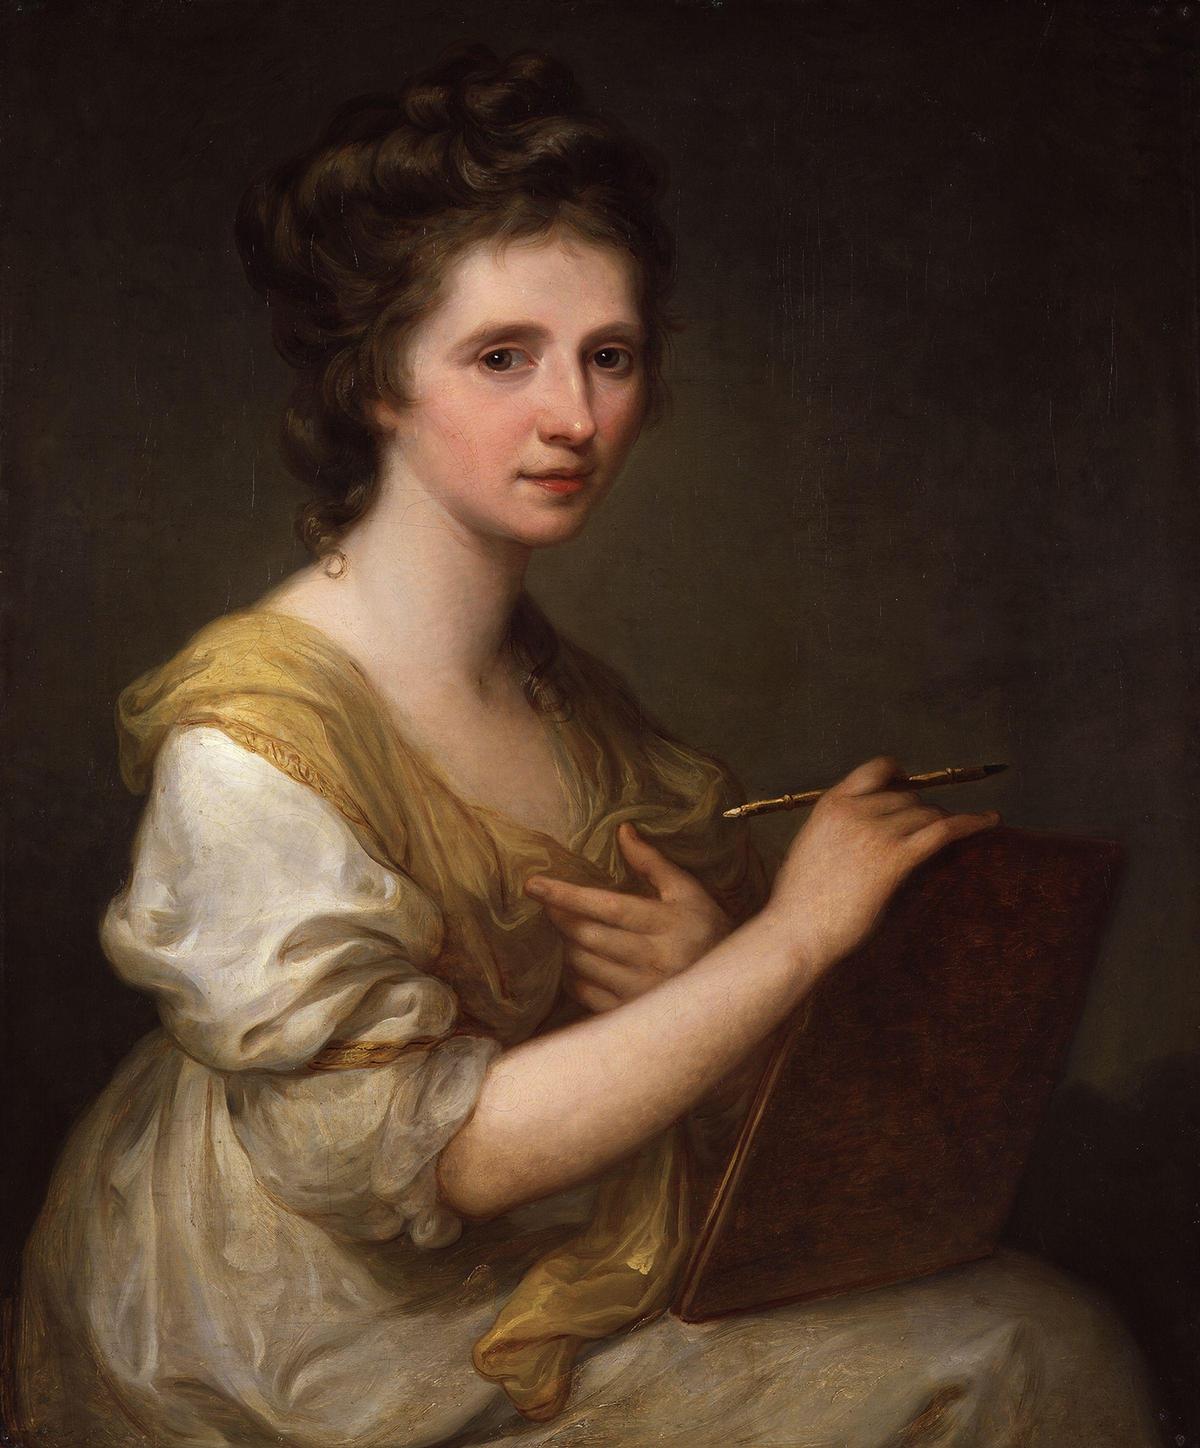  Self-portrait, between 1770–1775, by Angelica Kauffmann. Oil on canvas. National Portrait Gallery, London. (PD-US)
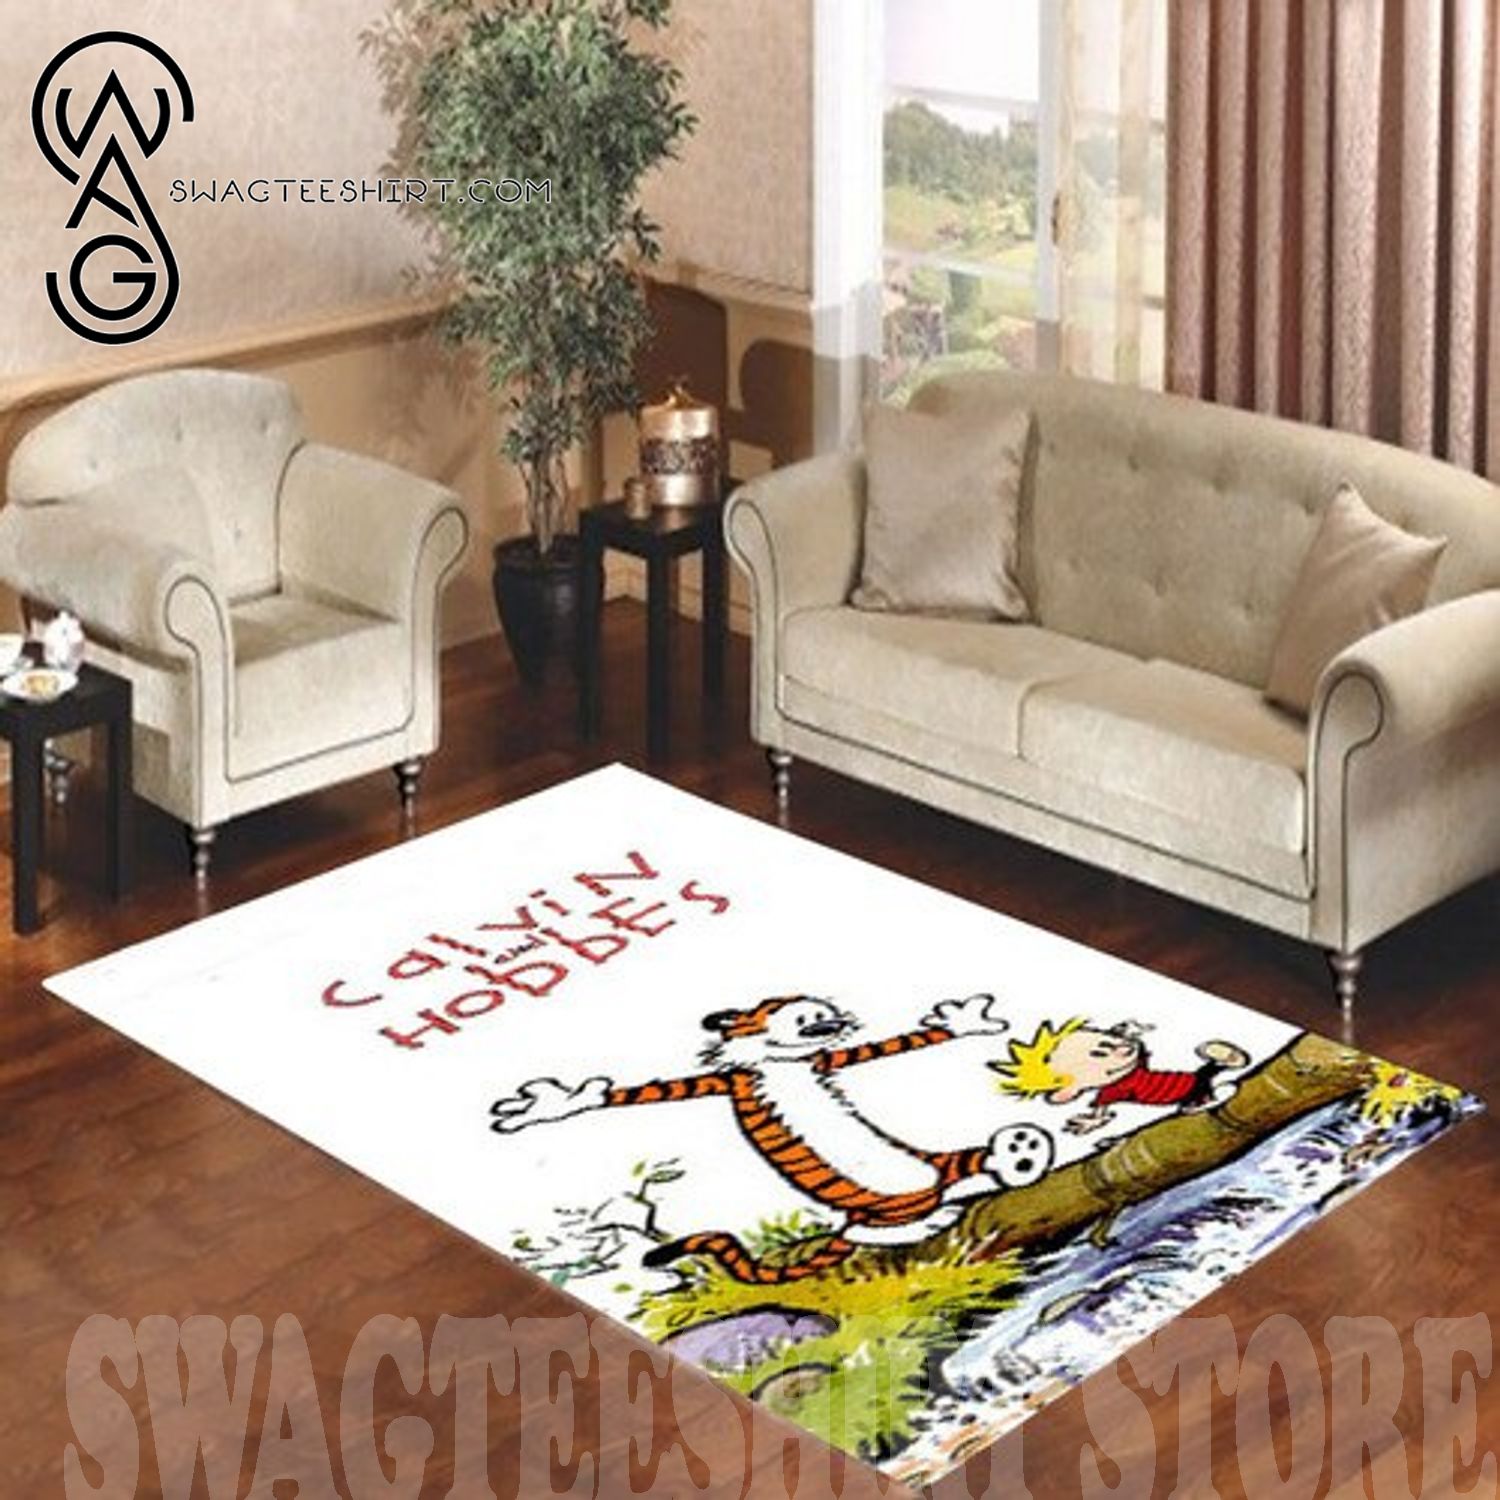 High quality] Calvin and Hobbes Living Room Carpet Rugs 607
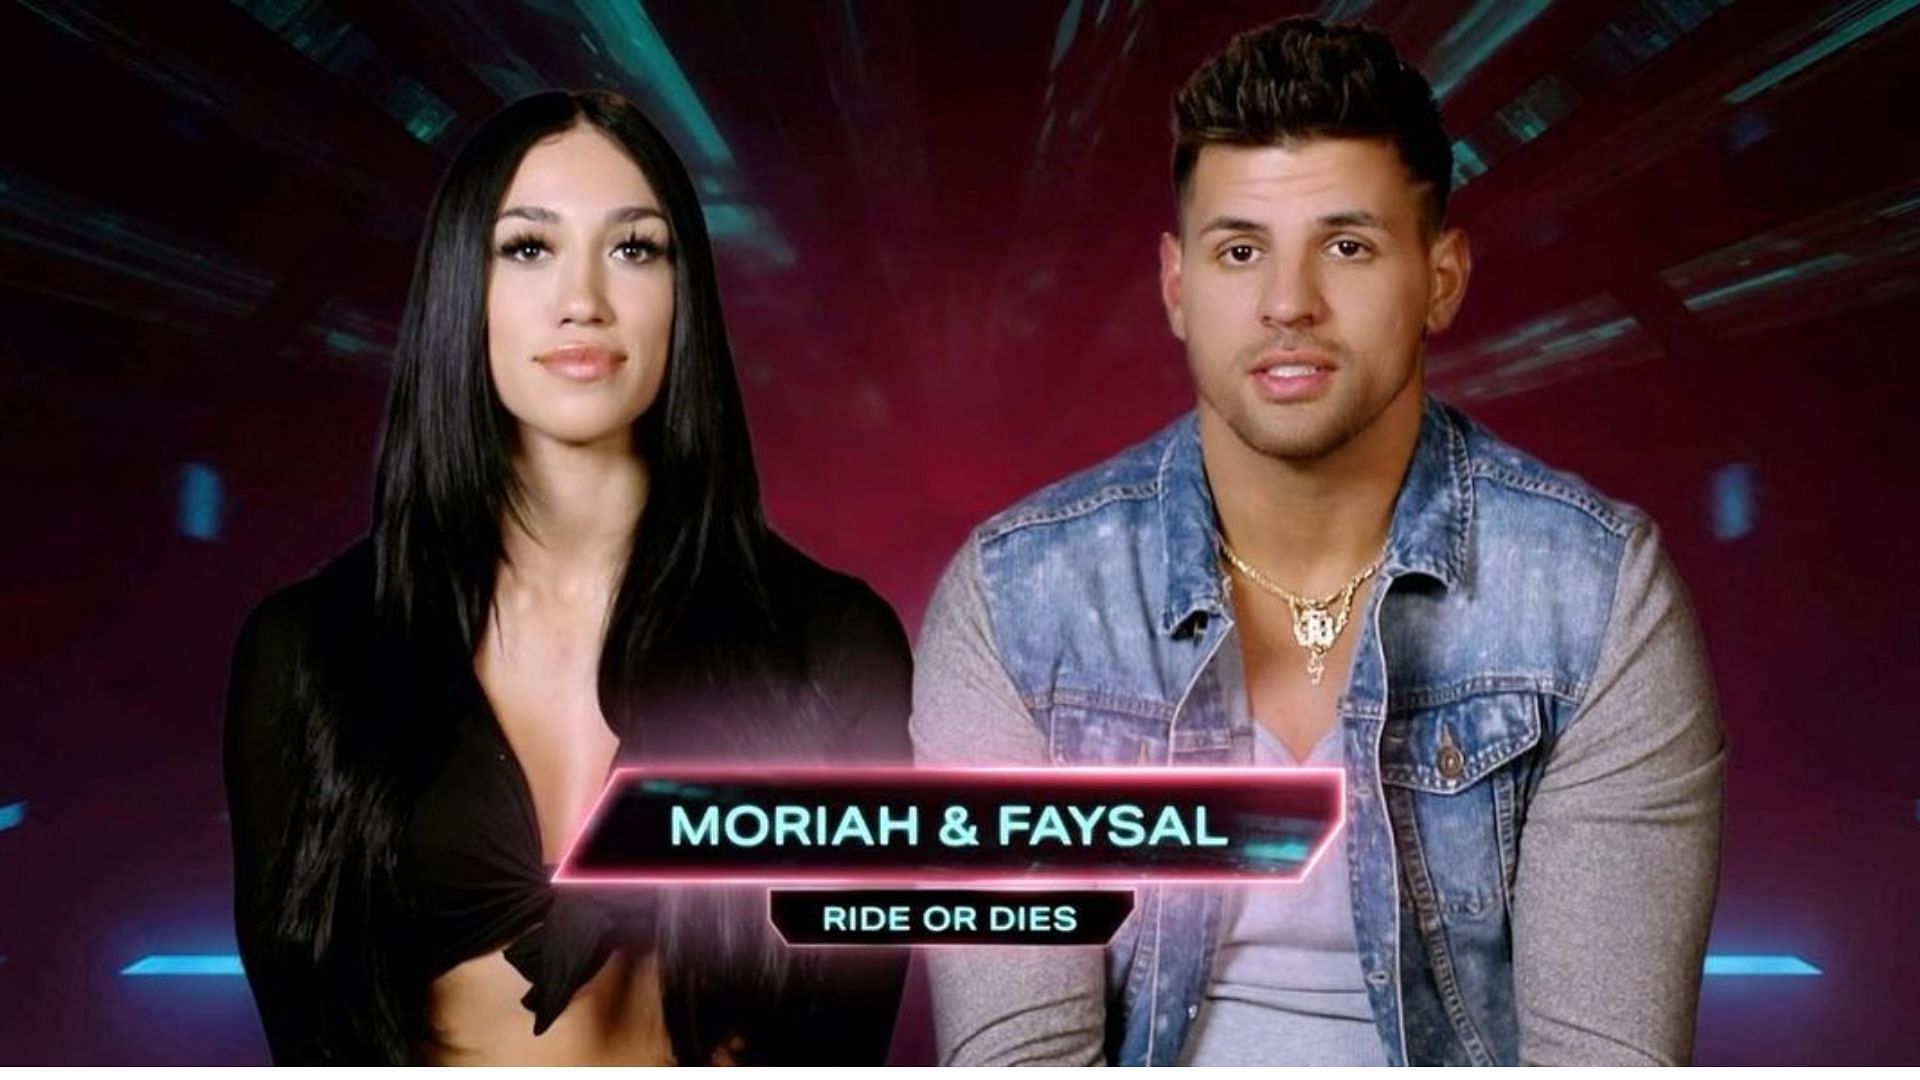 Friends Fessy and Moriah to compete on The Challenge Season 38 airing Wednesday (Image via moriahjadea/Instagram)

What the task asks:
Would you please copy the listing exactly, omitting every picture?

Written response:
  Self-portrait, between 1770–1775, by Angelica Kauffmann. Oil on canvas. National Portrait Gallery, London. (PD-US)
 High quality] Calvin and Hobbes Living Room Carpet Rugs 607
 Friends Fessy and Moriah to compete on The Challenge Season 38 airing Wednesday (Image via moriahjadea/Instagram)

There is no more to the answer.